Photomicrographs showing ocular surface inflammation in Tabby mice. A: Thickened eyelids (double-headed white arrows), absence of meibomian glands (single-headed white arrow), blepharitis (single-headed black arrows), and sparse hair follicles in Tabby eyelids (upper skin). B: Nearly normal eyelids, with partially rescued meibomian gland and fully restored hair follicles (upper skin) in EDA-A1 transgenic Tabby mice. C: Conjunctivitis (arrow) in Tabby. D: Follicular conjunctivitis in the fornix (arrow). E: Limbitis showing inflammatory cells (arrow) infiltrating the junction of the cornea and sclera. F: Normal conjunctiva, limbus, and cornea in transgenic wild-type mice.

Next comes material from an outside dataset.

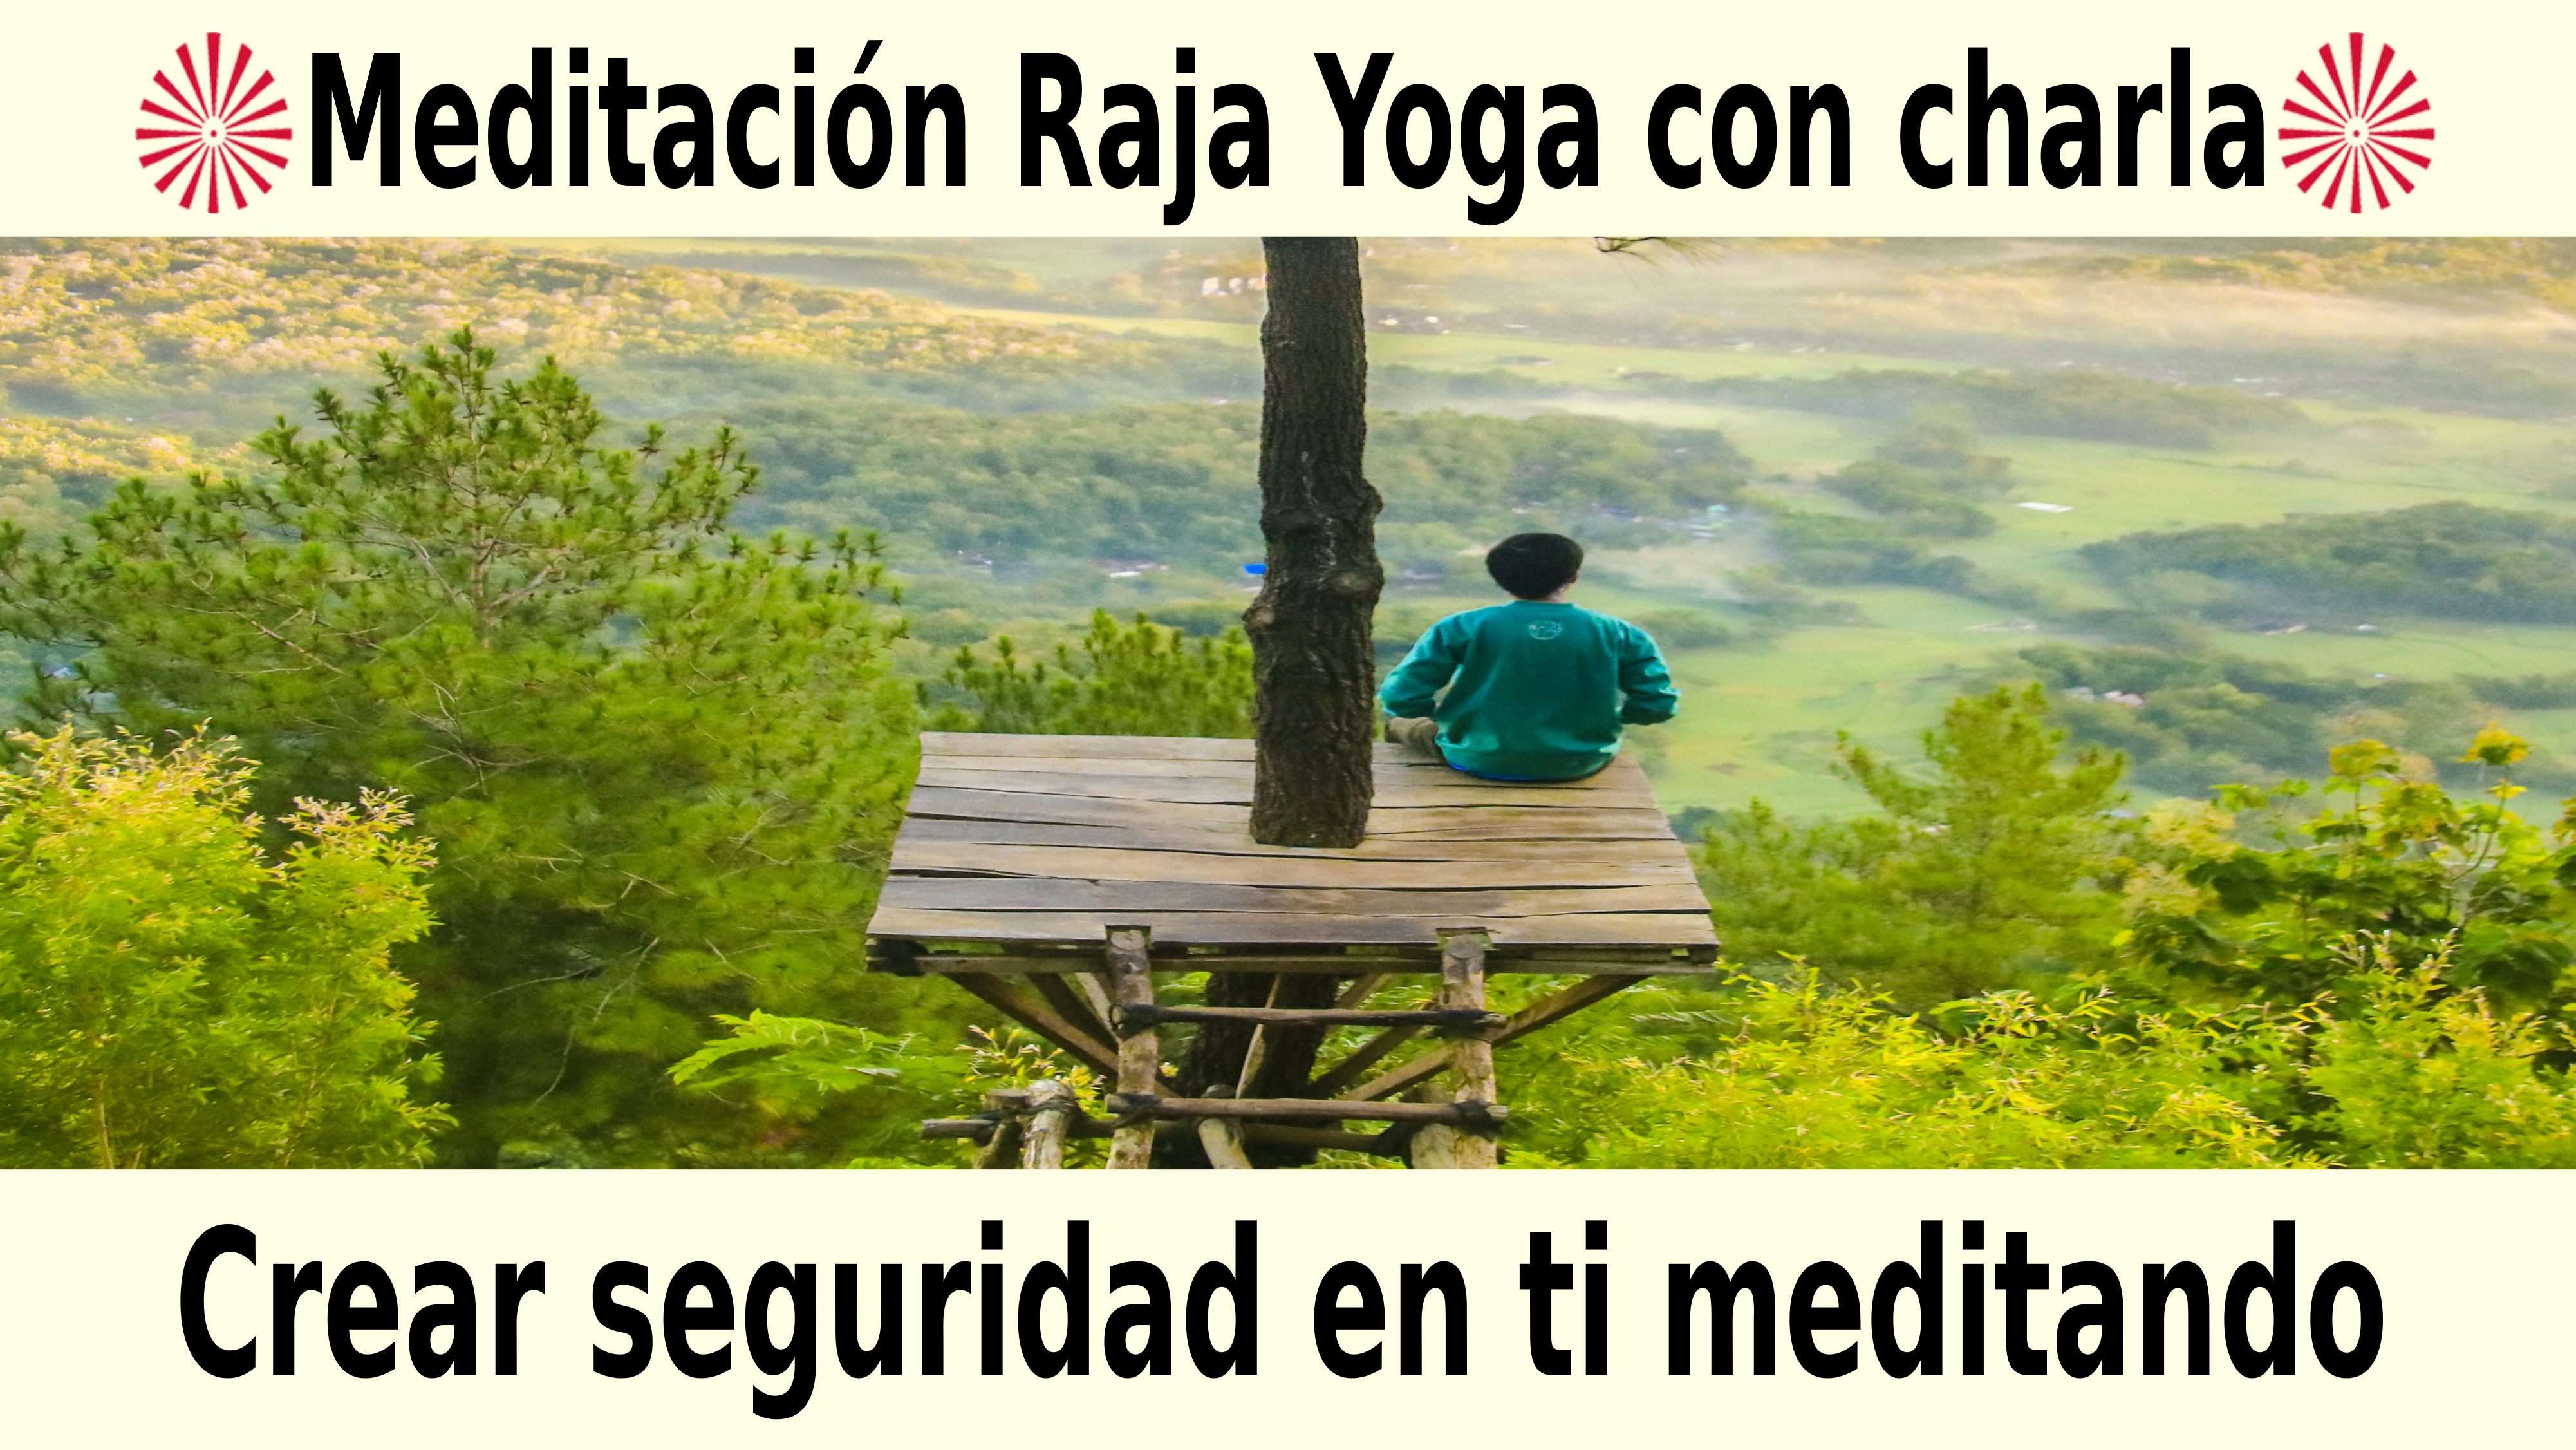 Meditación Raja Yoga con charla: Crear seguridad en ti meditando (11 Noviembre 2020) On-line desde Sevilla
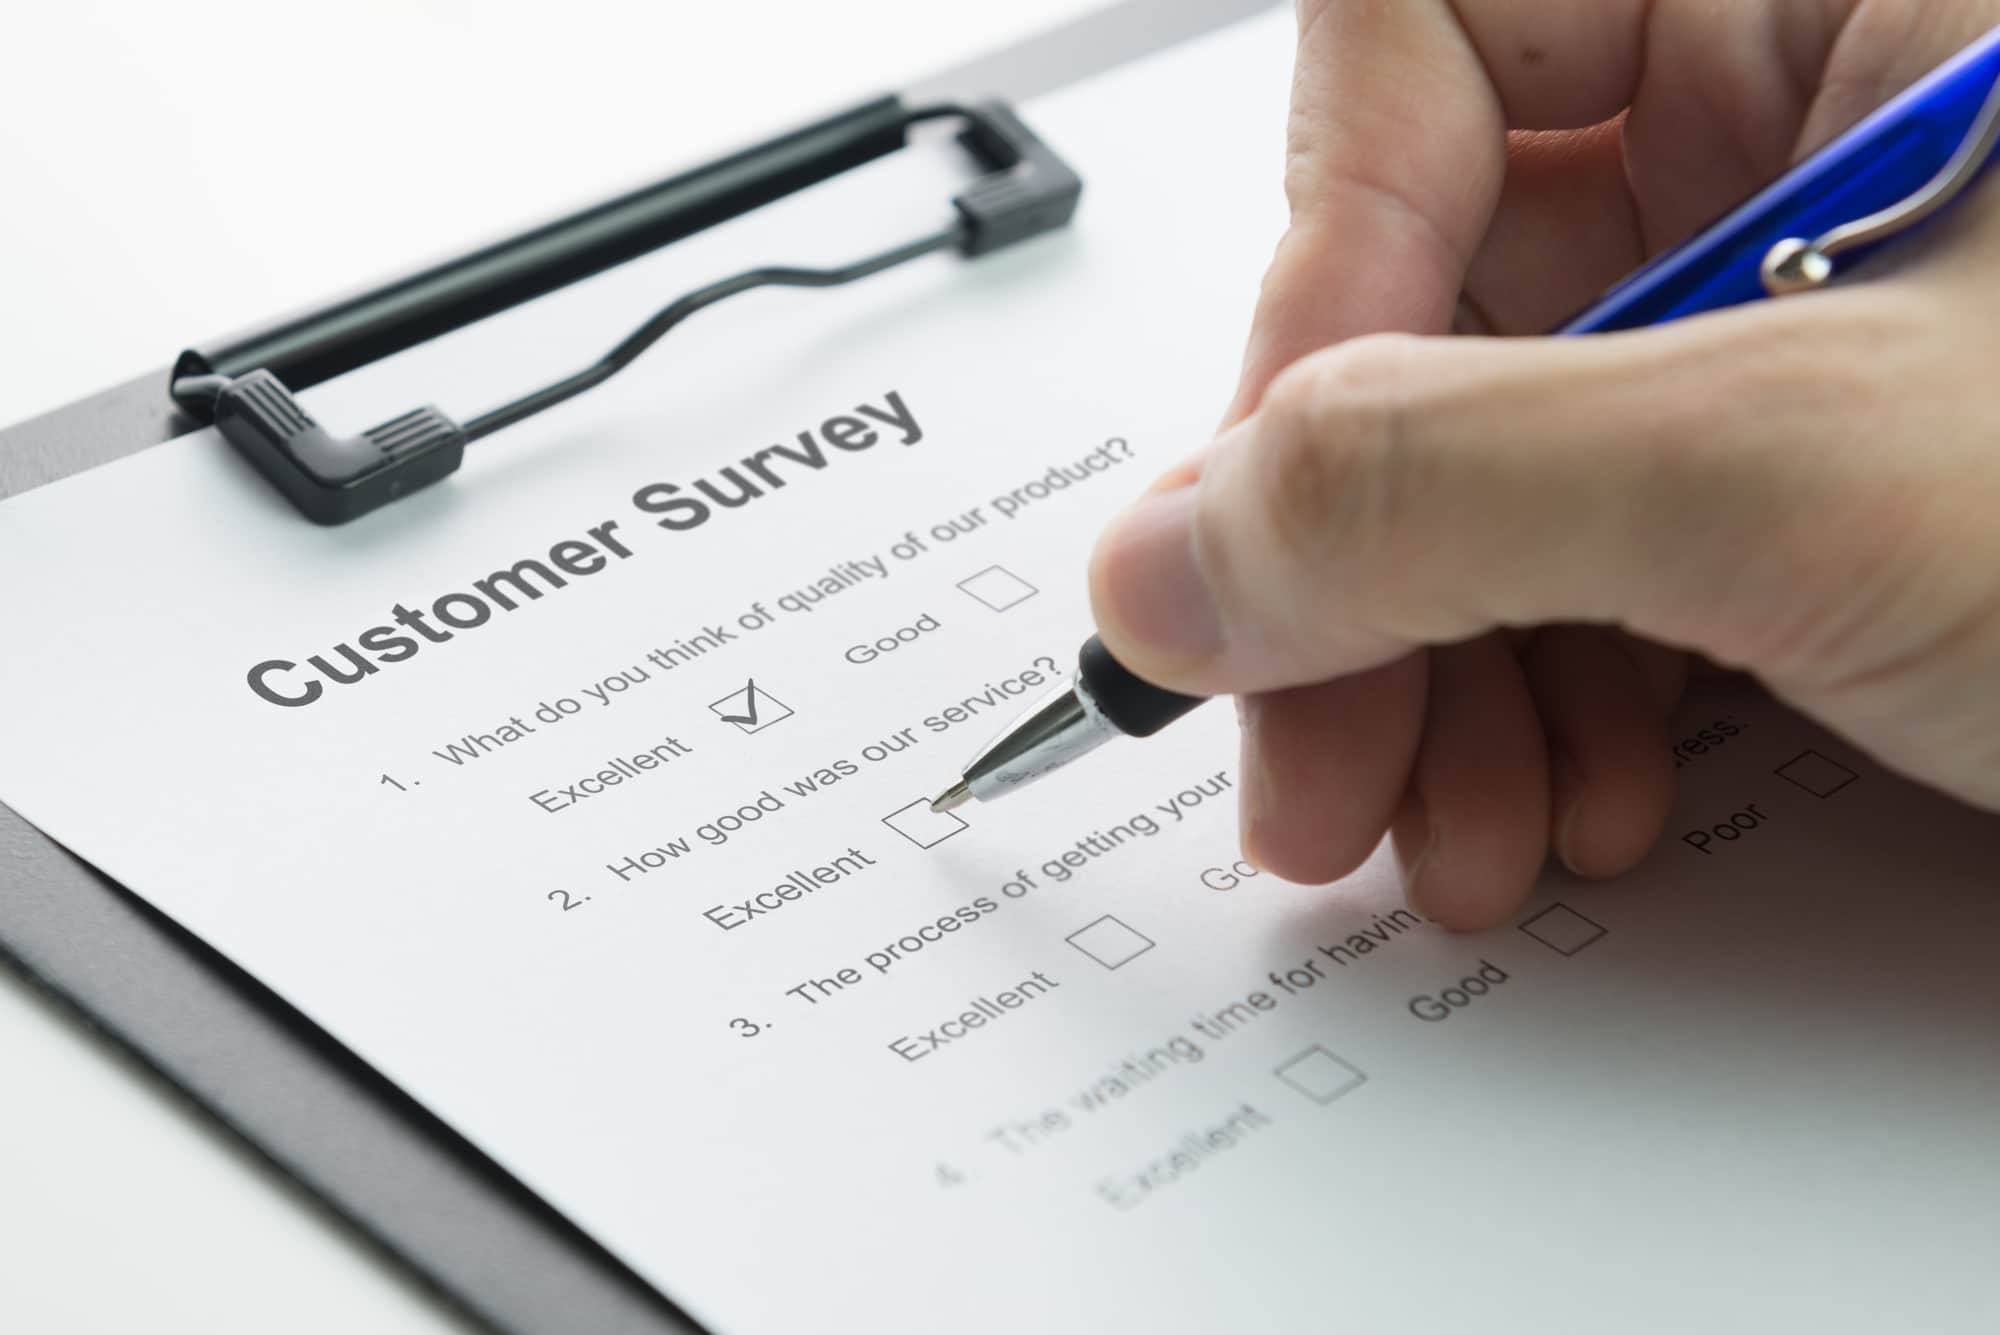 how to do customer segmentation survey

H&E staining; original magnifications in A and B, ×100; in C to F, ×200.

Figure 6

Photomicrographs showing prevention of inflammation by EDA-A1 transgene in Tabby mice hosted in the conventional facility. Tabby (A), transgenic Tabby (B), and wild-type (C) mice are littermates housed in the same cage. A: Moderate conjunctivitis (arrow) in Tabby. B to D: No inflammation in transgenic Tabby (B), wild-type (C) or transgenic wild-type mice (D). H&E staining at an original magnification of ×100.

Figure 7

Quantitative real-time PCR showing expression of EDA and EDAR. Relative expression level of EDA and its receptor, EDAR, in wild-type cornea (WTCR) and conjunctiva (WTCN) compared with wild-type (WTBS) and Tabby (TABS) back skin. Real-time PCR expression levels of EDA (A) and EDAR (B). Data normalized to GAPDH.